The status port will provide information on the current status of the
IB, will be read-only, and will be aliased to the opcode port. The
three operand ports will be write-only and will provide data on which
to operate. The three result ports will provide the results of the
opcode, will be read-only, and will be aliased to the operand ports.
Real-number unit
This unit will perform computations on more complex data formats
such as floating-point representations. It will have the same ports
as the IB. It will be capable of standard IEEE representations of
floating-point data. It may also be capable of alternative
representations such as logarithmic number systems. When other number
systems are supported, the RN will support conversion between the
supported number systems.
Load/Store unit
The LS will perform all interactions with caches and memory. It will
have five ports: An opcode port, a status port, an address port,
a data port, and a result port. The opcode port will specify the
operation to perform: load, store, prefetch, cache block invalidate, etc,
and will be write-only. The status port will provide information about
the status of the LS unit, will be read-only, and will be aliased with
the opcode port. The address port will be write-only, and will
specify the address of the operation to perform. The data port will
be write-only and will specify additional data (such as data to write
to the specified address for a store instruction). The result will
specify the result of the operation performed (such as the data
fetched from memory for a load operation), will be read-only, and will
be aliased to the data port.
User-defined units
These units will be defined by a particular F-TTA0 implementation.
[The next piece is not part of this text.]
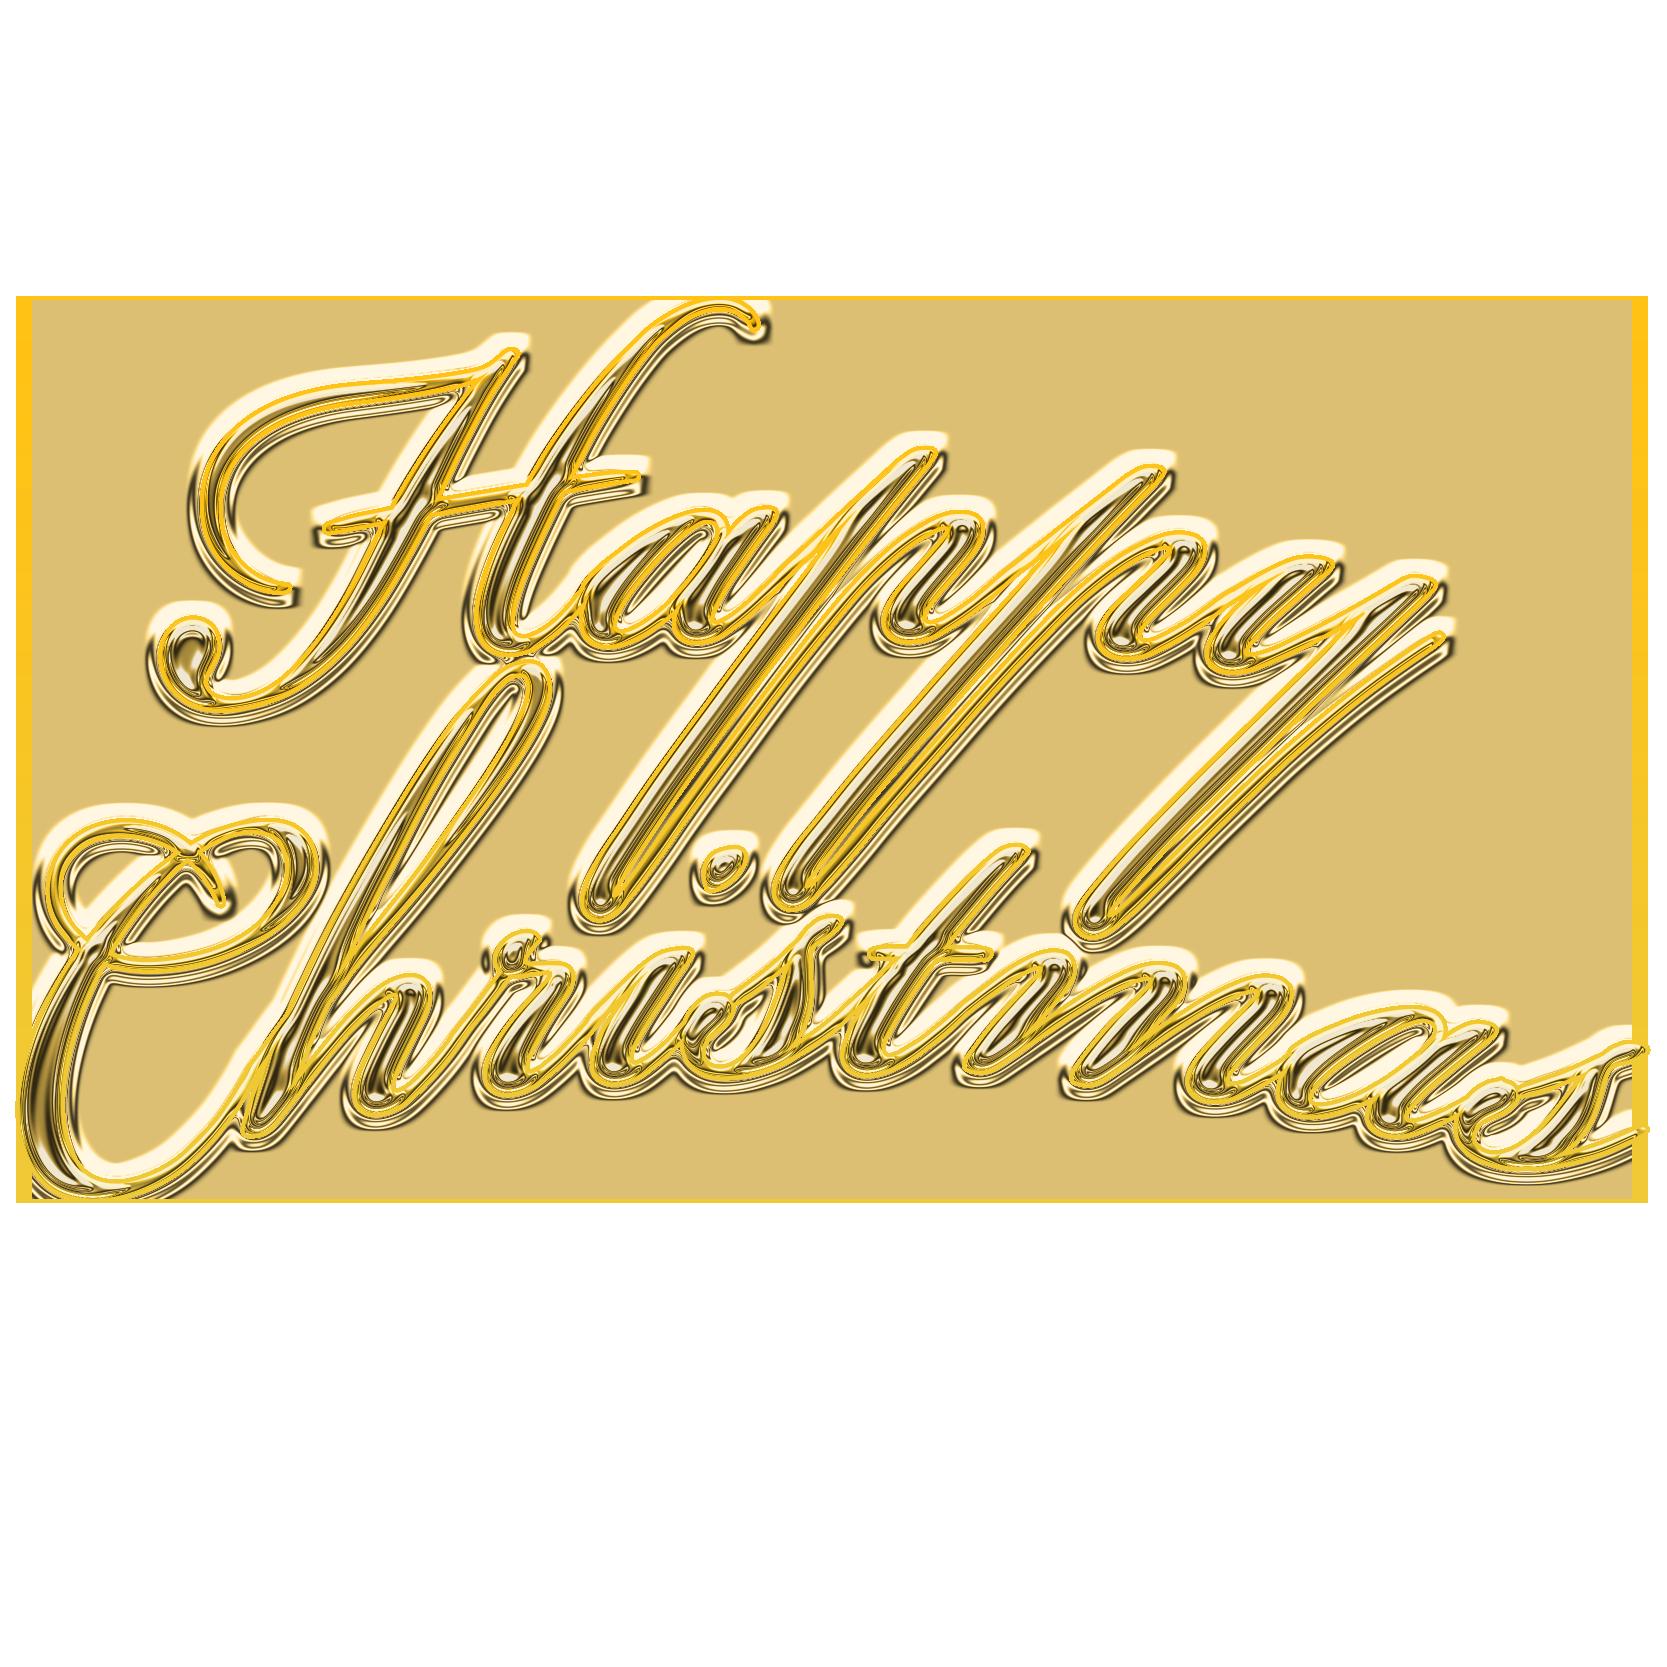 商用フリー・無料イラスト_クリスマス_HappyChristmas文字
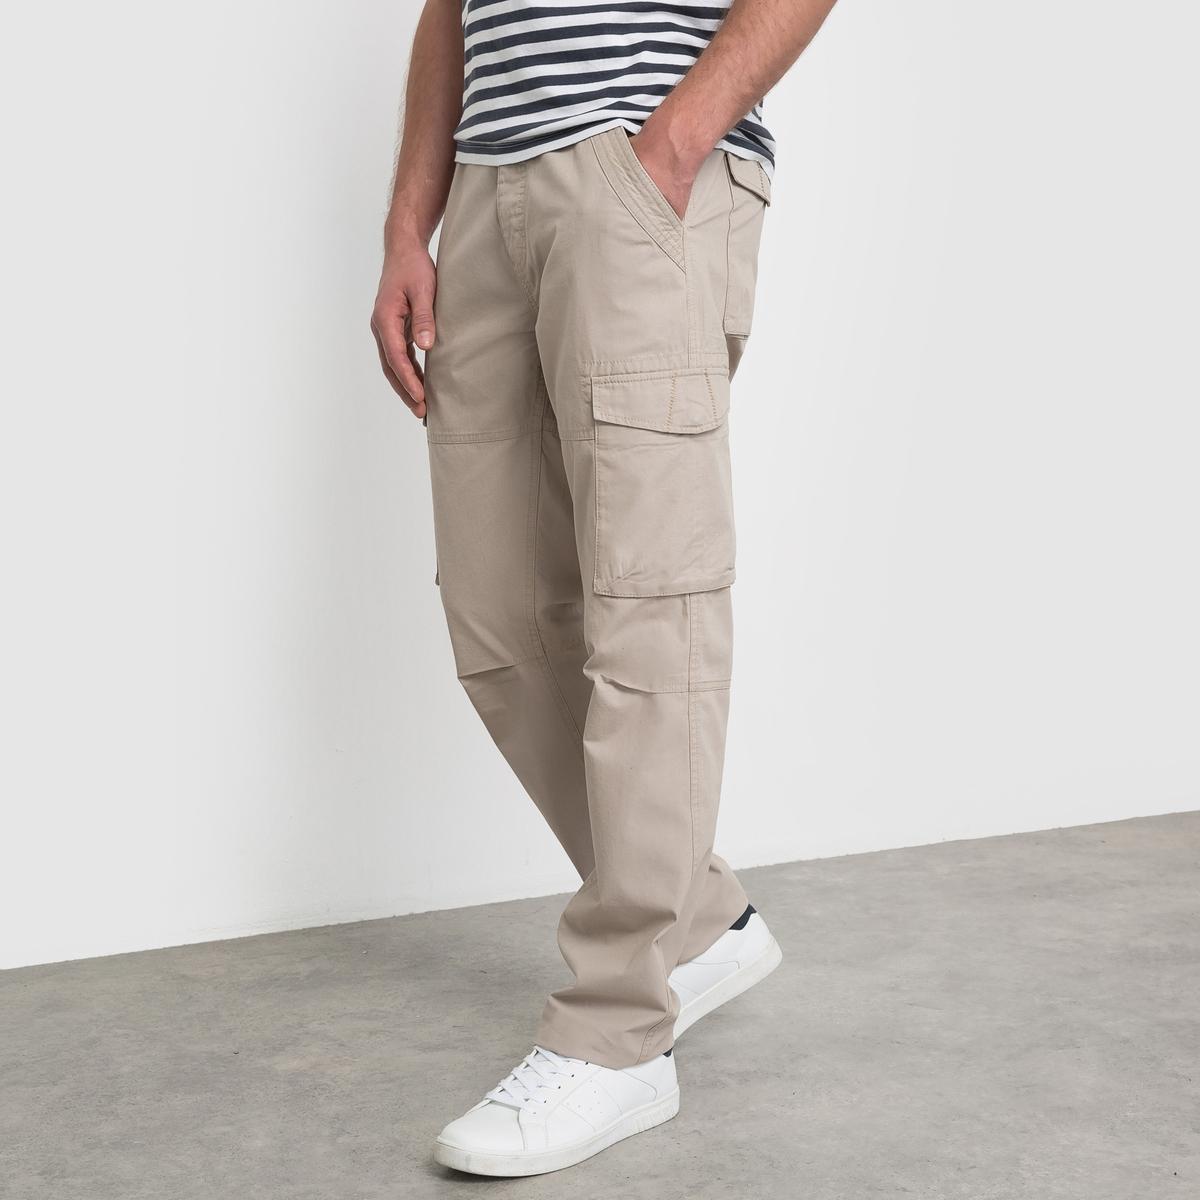 Pantaloni cargo AUBIN puro cotone

No guarantees of functionality or the ability to uniquely identify
one particular user-defined unit will be made. These will for
implementations designed for a specific purpose, and any software
which uses one of these units should be designed in conjunction with
the implementation itself. The user-defined units will have four to
eight ports. Four addresses will be reserved for each unit for
reading, and four for writing. They may be read-only, write-only,
read-write, aliased or not, at the discretion of the designer. In
short, use these at your own risk and for your own benefit.
Re-programmable units
These units are general special-purpose units. They will consist
of re-programmable logic, to be used by any software. Each will have
five to eight ports: control and status, and three definable
addresses. The control port will allow for control and reprogramming
of the unit, and will be write-only. Status will provide information
about the status of the unit, will be read-only, and will be aliased
with the control port. The remaining three addresses assigned to
the re-programmable units will be usable at the discretion of the
software programming the unit.
Issues, comments, and analysis
- FEUs may support separate modes of operation: blocking and
streaming. In blocking mode, the FEU will keep track of whether or not
a particular result is ready to be read, and whether or not it has
been read. Operations will be dispatched based on writes to the
input registers, but execution will block when data becomes ready, and
will not unblock until the data has been read. In streaming mode, the
FEU will continue to execute based on its current input data, possibly
clobbering output data if it is not read in time. Blocking or
streaming mode will be selected based on the data in the opcode
port. Blocking mode will minimize the hardware knowledge required
by the software; if you want to do an add, you just move your data
to the appropriate ports, then move your result off. If the result
is not ready by the time you issue your read, your thread will block
until it becomes ready. Streaming mode will minimize writes to
operand and control registers for repetitive operations such as MACs
and vector operations; once the first piece of data is ready, you
just move your new data into the operand ports and move your old
data off of the result ports.
- Many of these techniques are very conservative, so IPC
will probably be fairly low. However, with SMT, overall throughput
should be quite high. Any time there is a free bus cycle (a context
blocks due to an FEU not having data ready; there is a NOP or
squashed transaction; generally, any time there is a free bus cycle)
the BC can simply fill the gap with operations from a different context.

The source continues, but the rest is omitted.